For a moment, I hoped Free Guy would really examine and deconstruct Reynolds’ onscreen persona — then the movie might have been interesting. But what most viewers will discover is that Free Guy isn’t very interesting in any regard. The film has ideas — the possibility of A.I. gaining consciousness, the drudgery of daily life, the need to escape into alternate realities and online personas, the prevalence of violence in our society (and our entertainment) — but director Shawn Levy doesn’t seem all that invested in exploring them. Instead, Free Guy just follows a predictable narrative arc involving Guy’s failure to understand his situation and Millie’s growing fondness for this guy, who’s not real. (Or is he?)
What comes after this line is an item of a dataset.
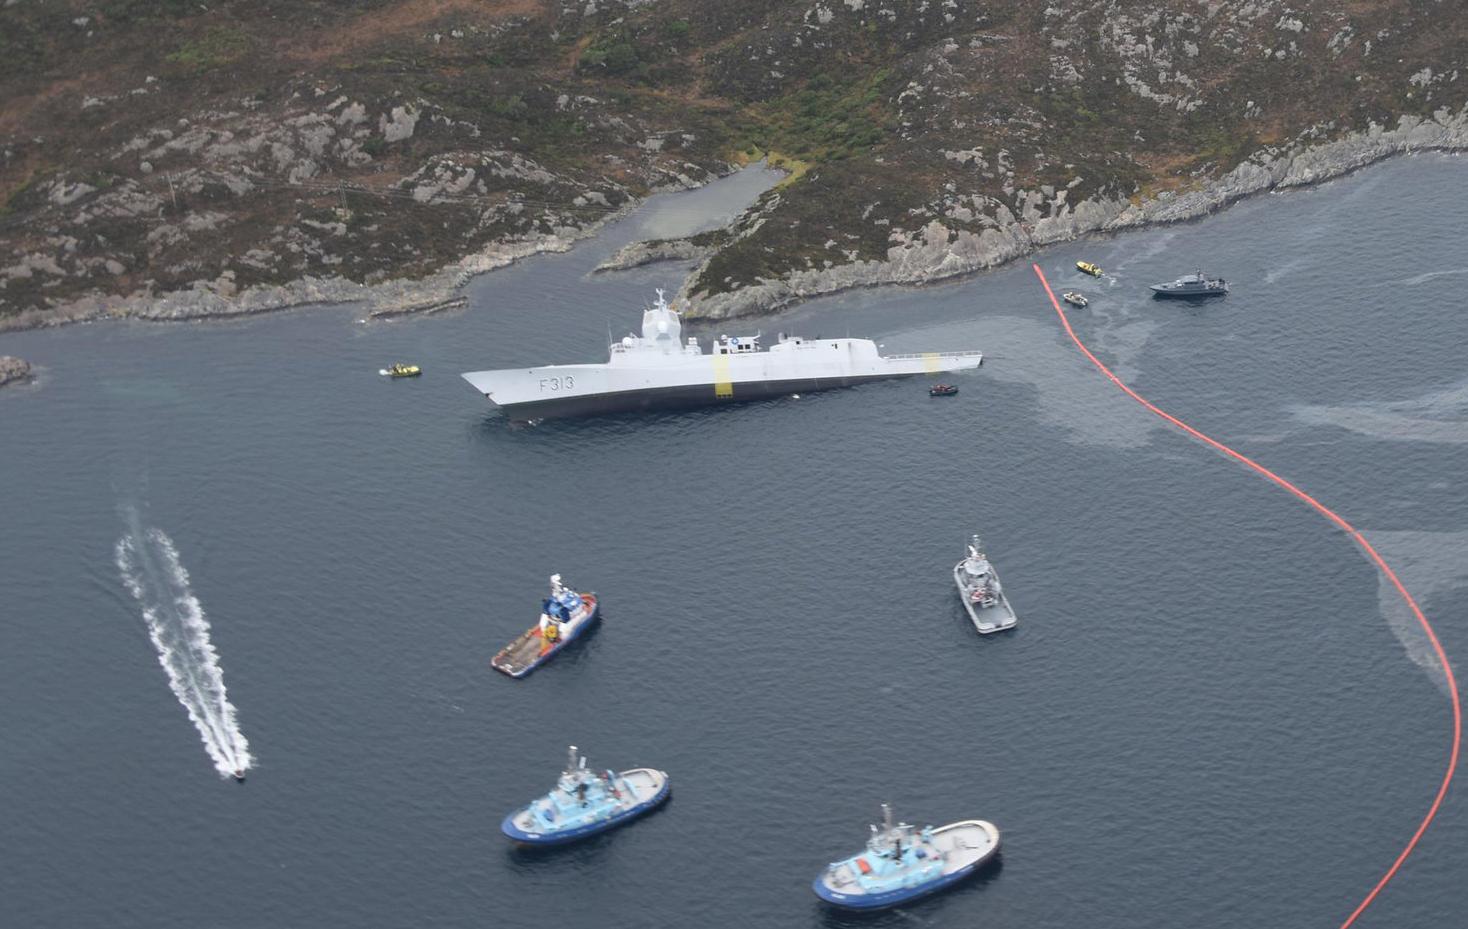 DYR ULYKKE: I tillegg til prisen på reparasjon, heving og skipet i seg selv, kommer nå millionkrav fra både kommune og Kystverket.

But the fault also lies with Reynolds, who seems to dig the story’s high-concept novelty yet can’t make the character particularly memorable. As Free Guy rolls along and Guy becomes more aware of what’s happening around him, he becomes a standard dramatic trope — the humble, noble regular guy who doesn’t realize he’s destined for greatness. Reynolds doesn’t have much trouble pulling off the action-hero side of Guy’s transformation, but he’s a lot less convincing evincing a tender soulfulness when Guy tries to convince Millie that he loves her — and, more importantly, that he’s as “real” as any man she might meet outside of Free City.
Reynolds is more than capable of revealing depth and pathos — his slept-on 2015 gambling drama Mississippi Grind is ample proof — but in the effects-heavy, impersonal Free Guy, his sincerity comes across as phony. It feels like Reynolds trying to demonstrate he’s a sensitive dude beneath his wise-guy veneer. It feels like a calculated move, which is the opposite of the not-give-a-shit breeziness that’s made him such a refreshingly unpretentious big-screen presence these last few years.
No one needs to worry about Reynolds’ career: He’s got several high-profile projects lined up, everything from sci-fi dramas to musicals. He’ll be fine for the near future. But it’s his ability to inject a little irony into Hollywood’s pomp and circumstance — questioning the industry’s self-importance from within through the power of a raised eyebrow or sardonic line reading — that helped him stand out from so many other handsome, hunky leading men. Blending in has never worked for Ryan Reynolds, so it’s intriguing that, in Free Guy, he’s playing someone who does, only to realize that he’s meant to be the hero after all. A better film would have played like a sly commentary on Reynolds’ own career trajectory. Instead, he becomes just one more blah movie star. He’s rarely seemed less real.